The President declined assent to the bill because the parliament inserted a clause that makes it mandatory for political parties to elect candidates for elections only through direct primaries.

On Wednesday, the Senate adjusted this clause and approved direct, indirect primaries or consensus as to the procedure for the nomination of candidates by political parties for the various elective positions.

The upper chamber of the legislative arm of government, in a statement signed by Mr Ezrel Tabiowo, the Special Assistant on Press to Senate President, Mr Ahmad Lawan, said the recommended Clause 84(3) was also approved.

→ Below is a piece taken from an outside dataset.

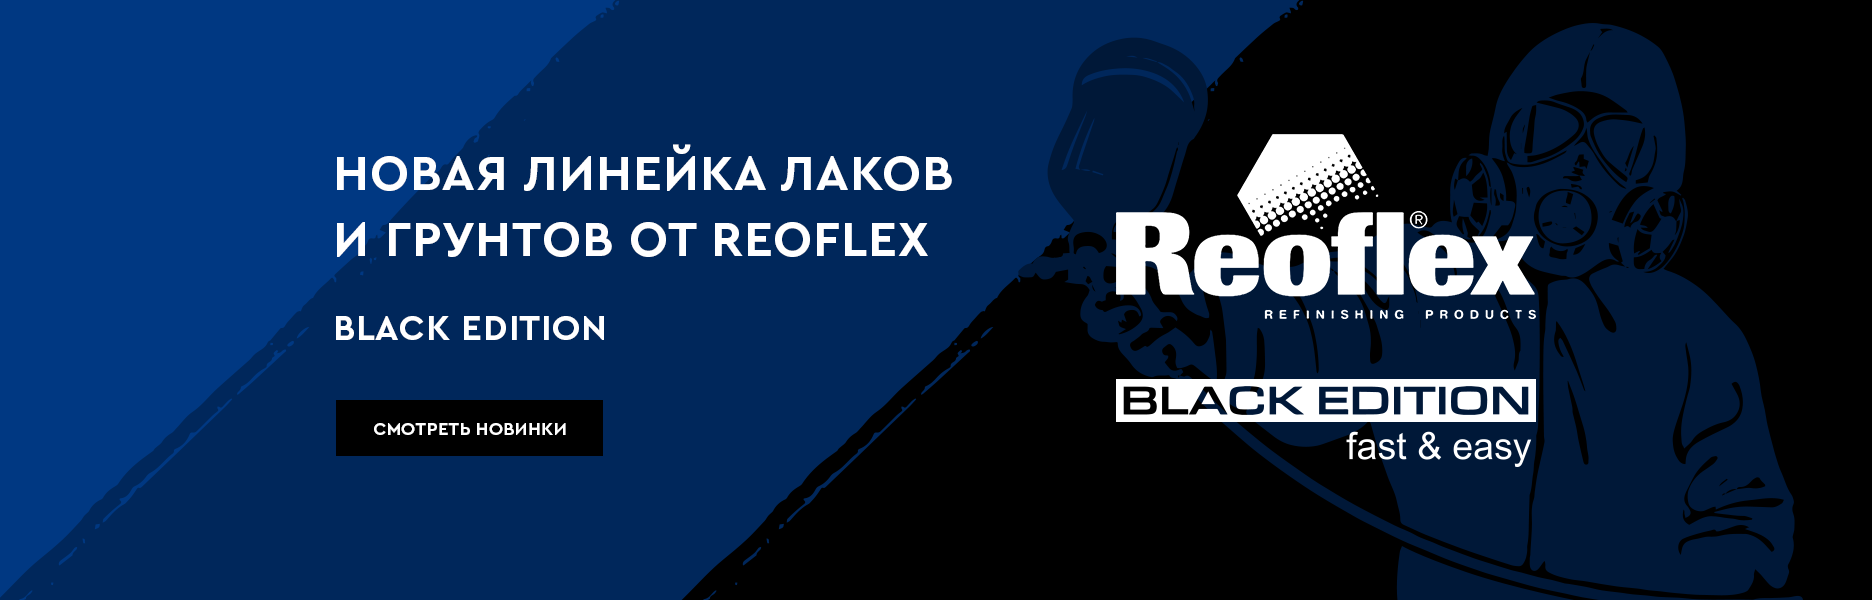 Серия Black Edition от Reoflex
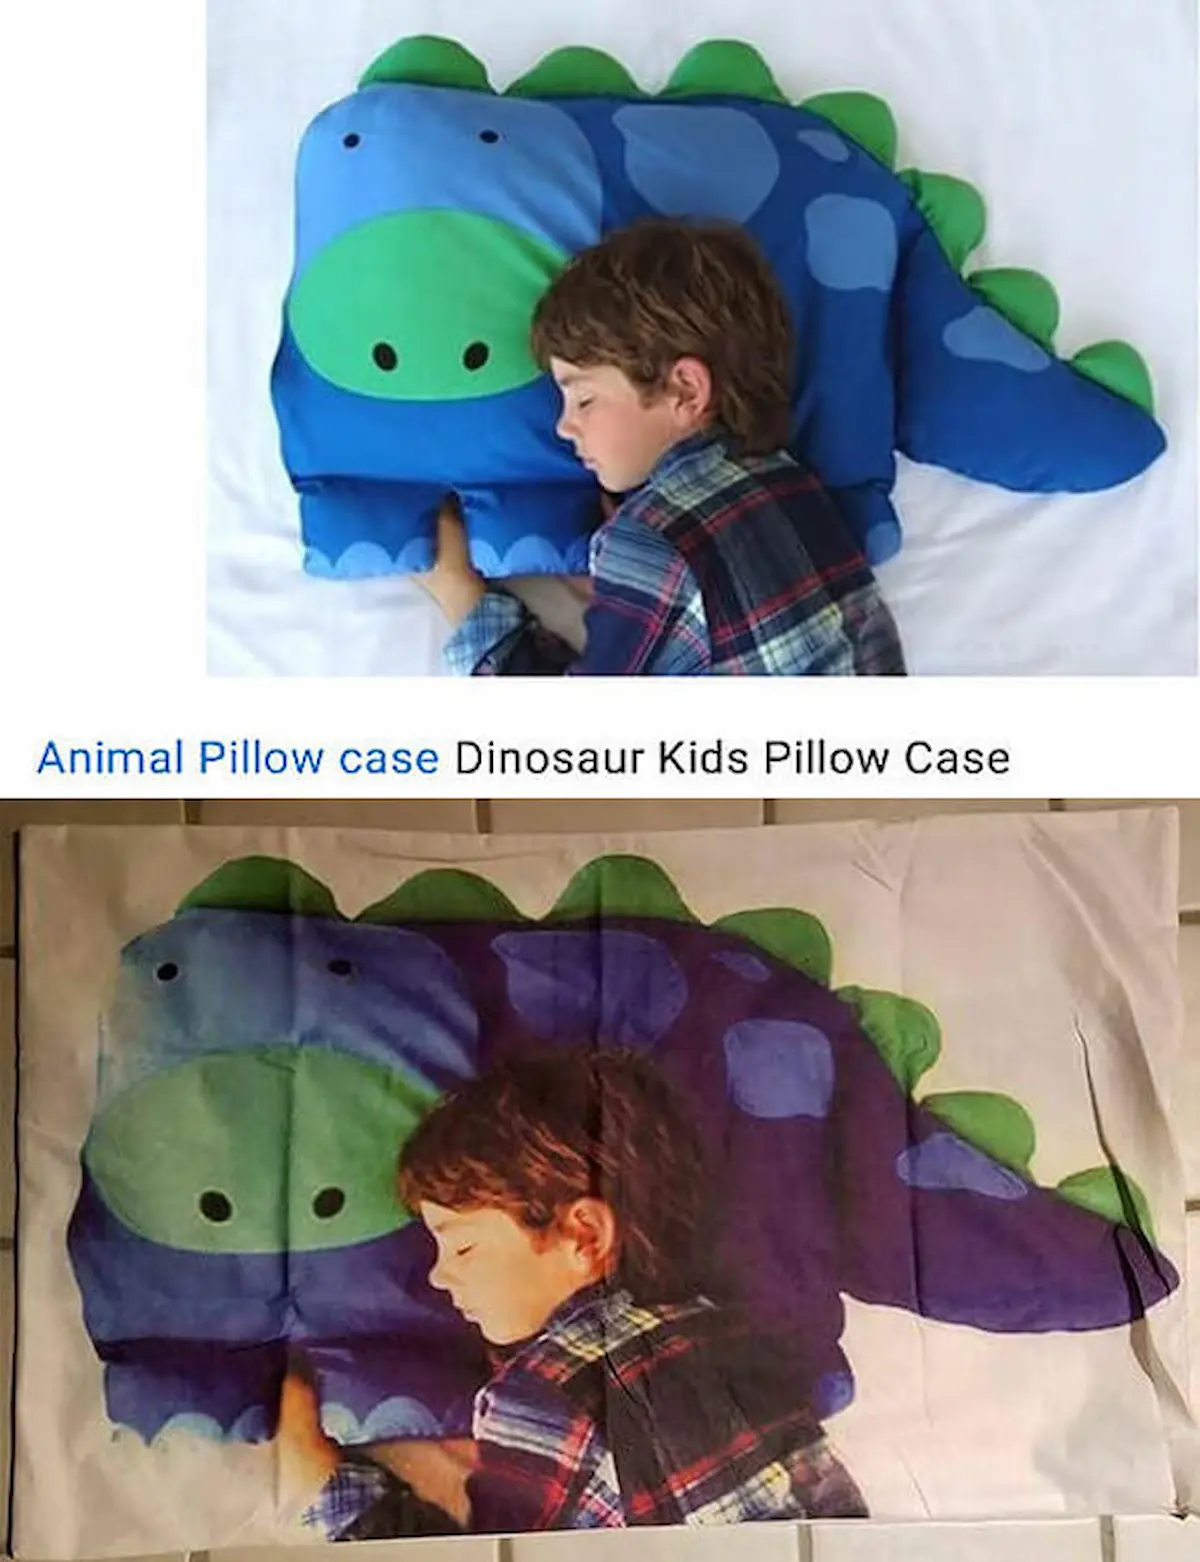 animal-pillowcase-and-child-reddit

The section stated that “a political party that adopts the direct primaries procedure shall ensure that all aspirants are given equal opportunity of being voted for by members of the party.”

Clause 84(4) further provides that “a political party that adopts the system of indirect primaries for the choice of its candidate shall adopt the procedure outlined below; (a) In the case of nominations to the position of Presidential candidate, a political party shall, (i) hold special conventions in each of the 36 states of the federation and FCT, where delegates shall vote for each of the aspirants at designated centres in each State Capital on specified dates.”

The clause provides that a National Convention shall be held for the ratification of the candidate with the highest number of votes.

The amendment followed a motion for its re-commital to the Committee of the Whole, which was sponsored by the Senate Leader, Mr Yahaya Abdullahi.

In his presentation, the lawmaker noted that the rationale for Mr Buhari withholding assent bordered on his observation in Clause 84.

President Buhari in the letter dated December 13, 2021, and addressed to Mr Lawan had explained that his decision to withhold assent to the electoral bill was informed by advice from relevant Ministries, Departments and Agencies of Government after a thorough review.

According to the President, signing the bill into law would have serious adverse legal, financial, economic and security consequences on the country, particularly in view of Nigeria’s peculiarities.

He added that it would also impact negatively on the rights of citizens to participate in government as constitutionally ensured.

Mr Abdullahi, however, explained that the motion for re-commital of the bill to the Committee on the Whole was against the backdrop of the “need to address the observation by Mr President C-in-C and make necessary amendment in accordance with Order 87(c) of the Senate Standing Orders, 2022 (as amended); and relying on order 1(b) and 52(6) of the Senate Standing Orders, 2022 (as amended).”

Accordingly, the chamber rescinded its decision on the affected clause of the bill as passed and recommitted same to the Committee of the Whole for consideration and passage.